Required work: Copy the data verbatim and leave out every picture.

Information provided:
"""

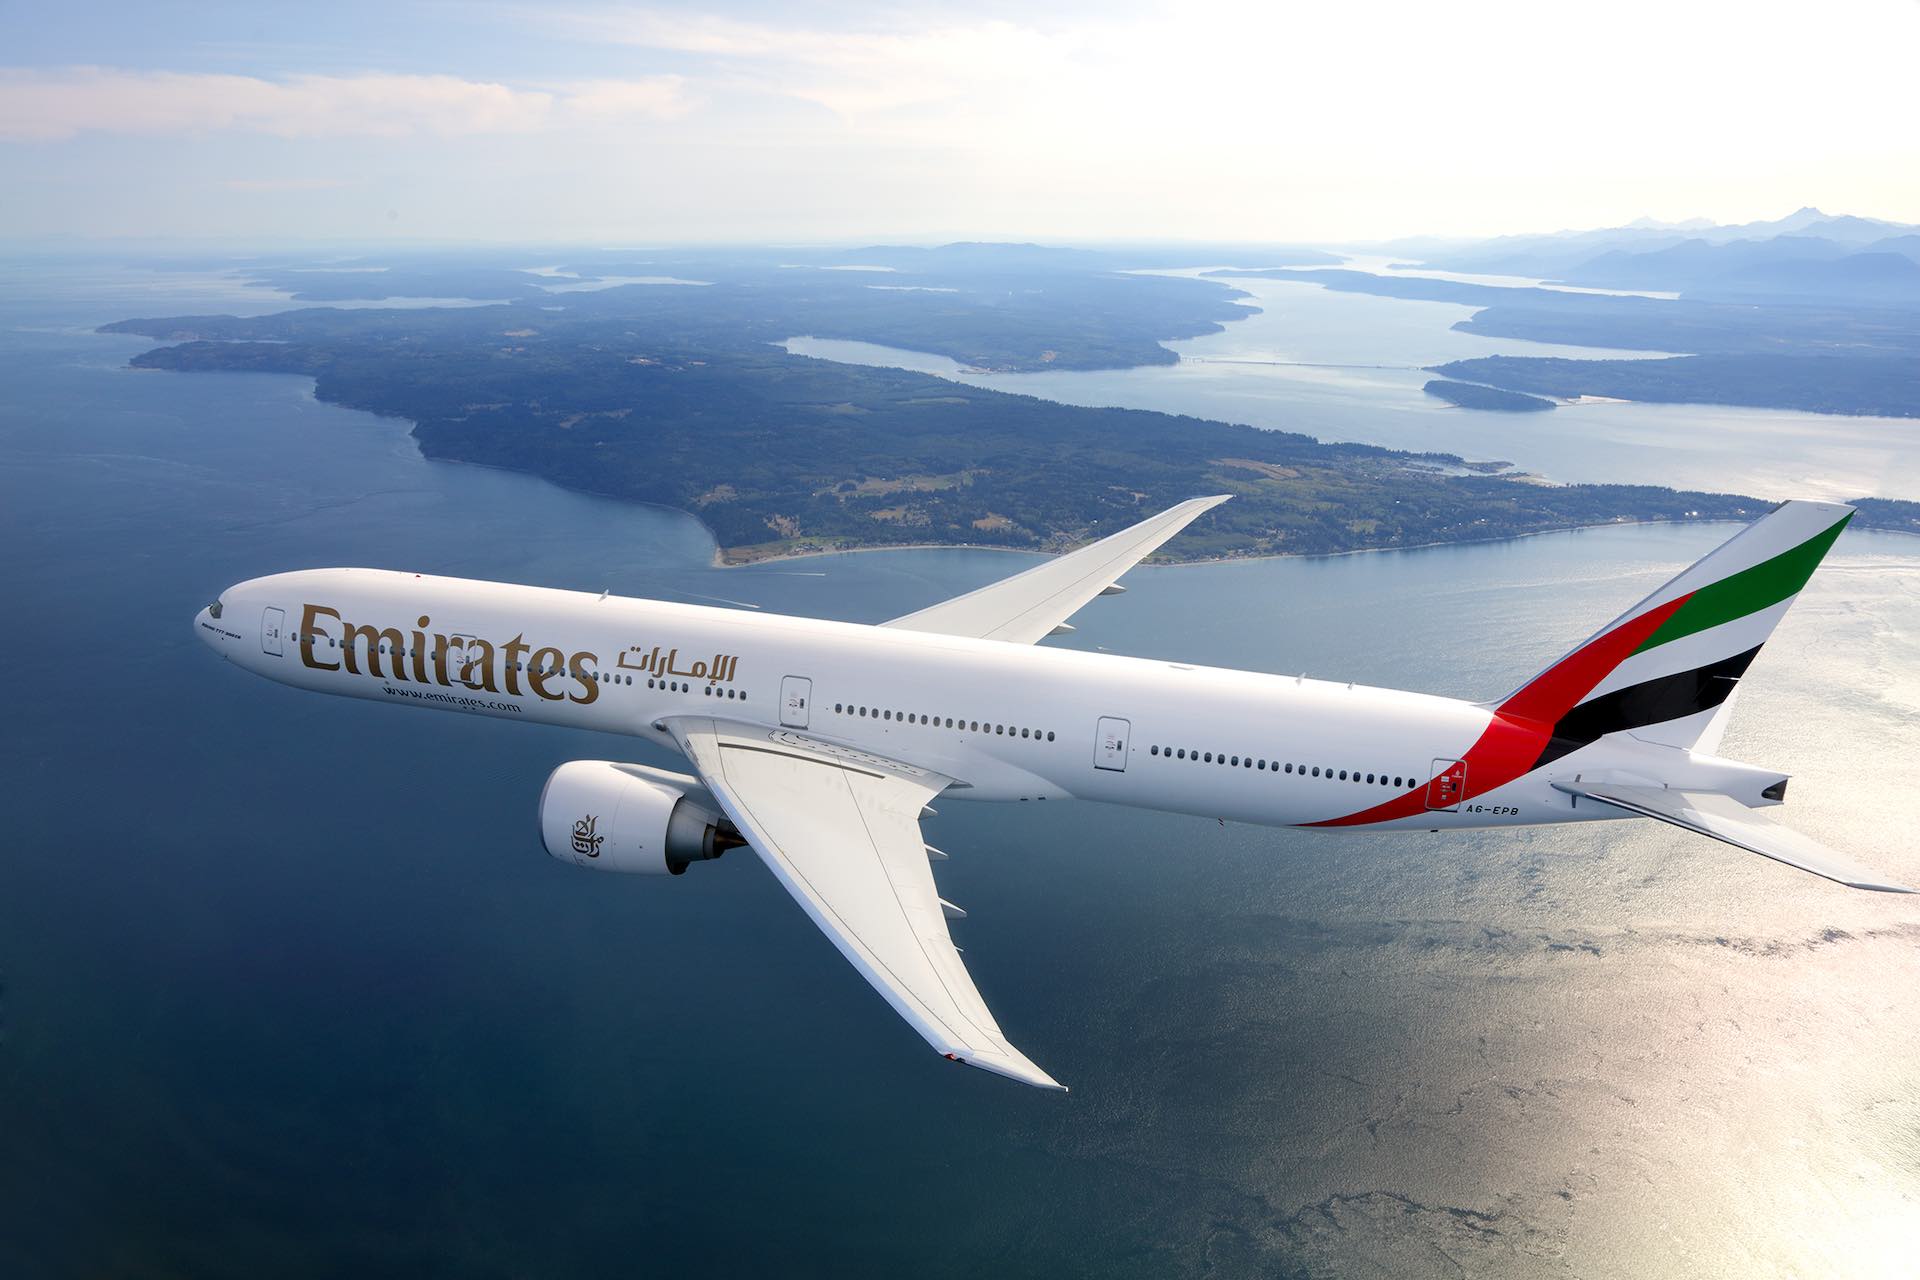 Micro, small and mid-sized enterprises are supported by Emirates
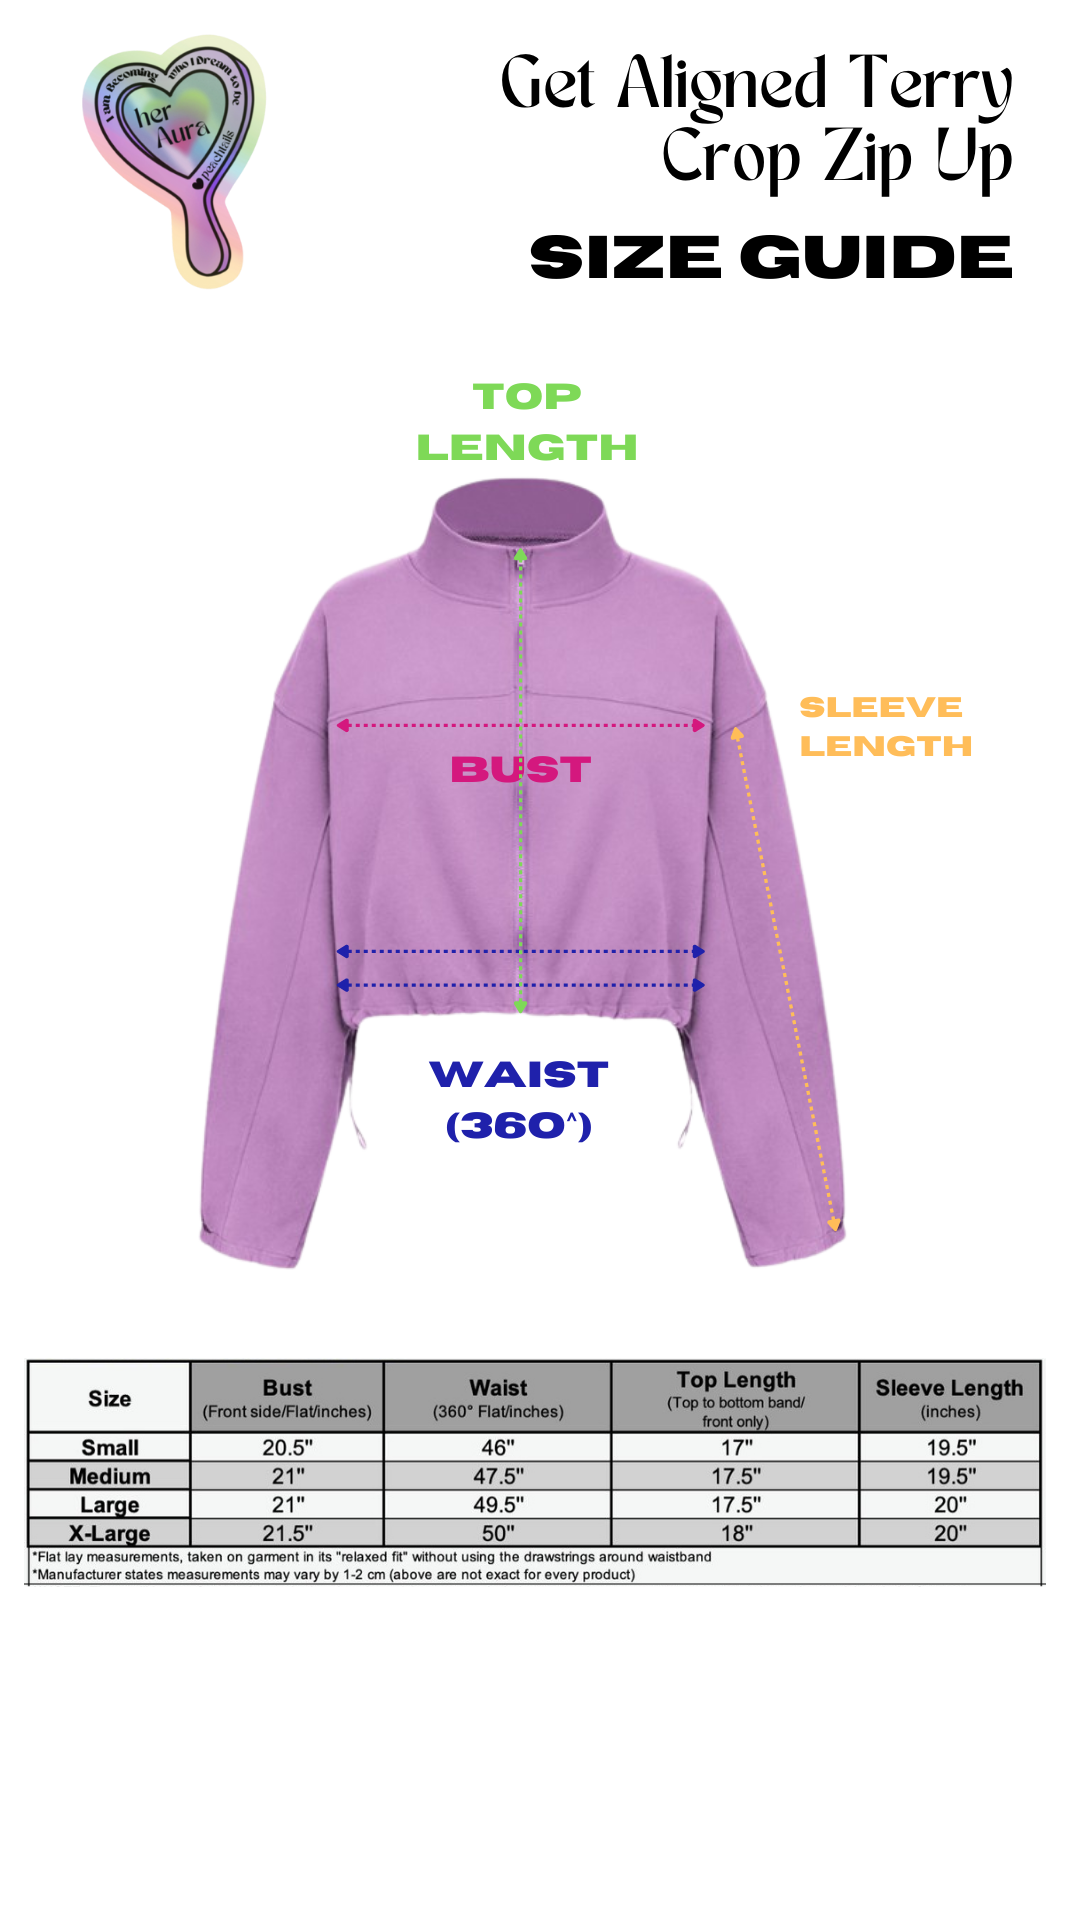 The image is a size guide for the "Get Aligned Terry Crop Zip Up" jacket. It shows a lavender-colored jacket with measurements marked for top length, bust, waist (360°), and sleeve length. Below the image is a table detailing the measurements for sizes small to x-large, with bust sizes ranging from 20.5" to 21.5", waist from 46" to 50", top length from 17" to 18", and sleeve length from 19.5" to 20". Measurement instructions note that the waist is measured at 360° around.
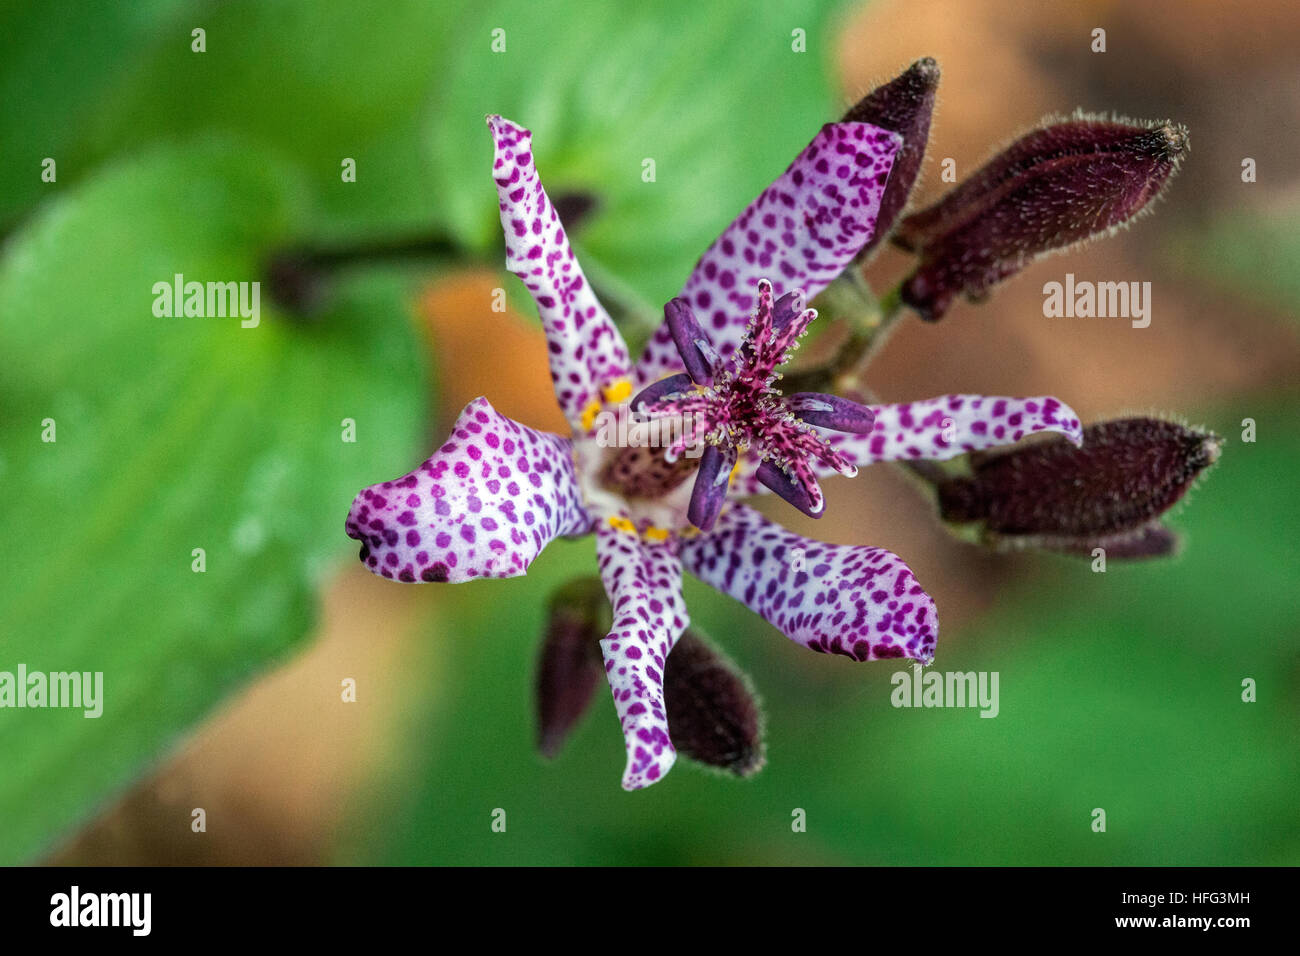 Tricyrtis hirta, the toad lily, or hairy toad lily Stock Photo

"""

Result:
 Micro, small and mid-sized enterprises are supported by Emirates
 The image is a size guide for the "Get Aligned Terry Crop Zip Up" jacket. It shows a lavender-colored jacket with measurements marked for top length, bust, waist (360°), and sleeve length. Below the image is a table detailing the measurements for sizes small to x-large, with bust sizes ranging from 20.5" to 21.5", waist from 46" to 50", top length from 17" to 18", and sleeve length from 19.5" to 20". Measurement instructions note that the waist is measured at 360° around.
 Tricyrtis hirta, the toad lily, or hairy toad lily Stock Photo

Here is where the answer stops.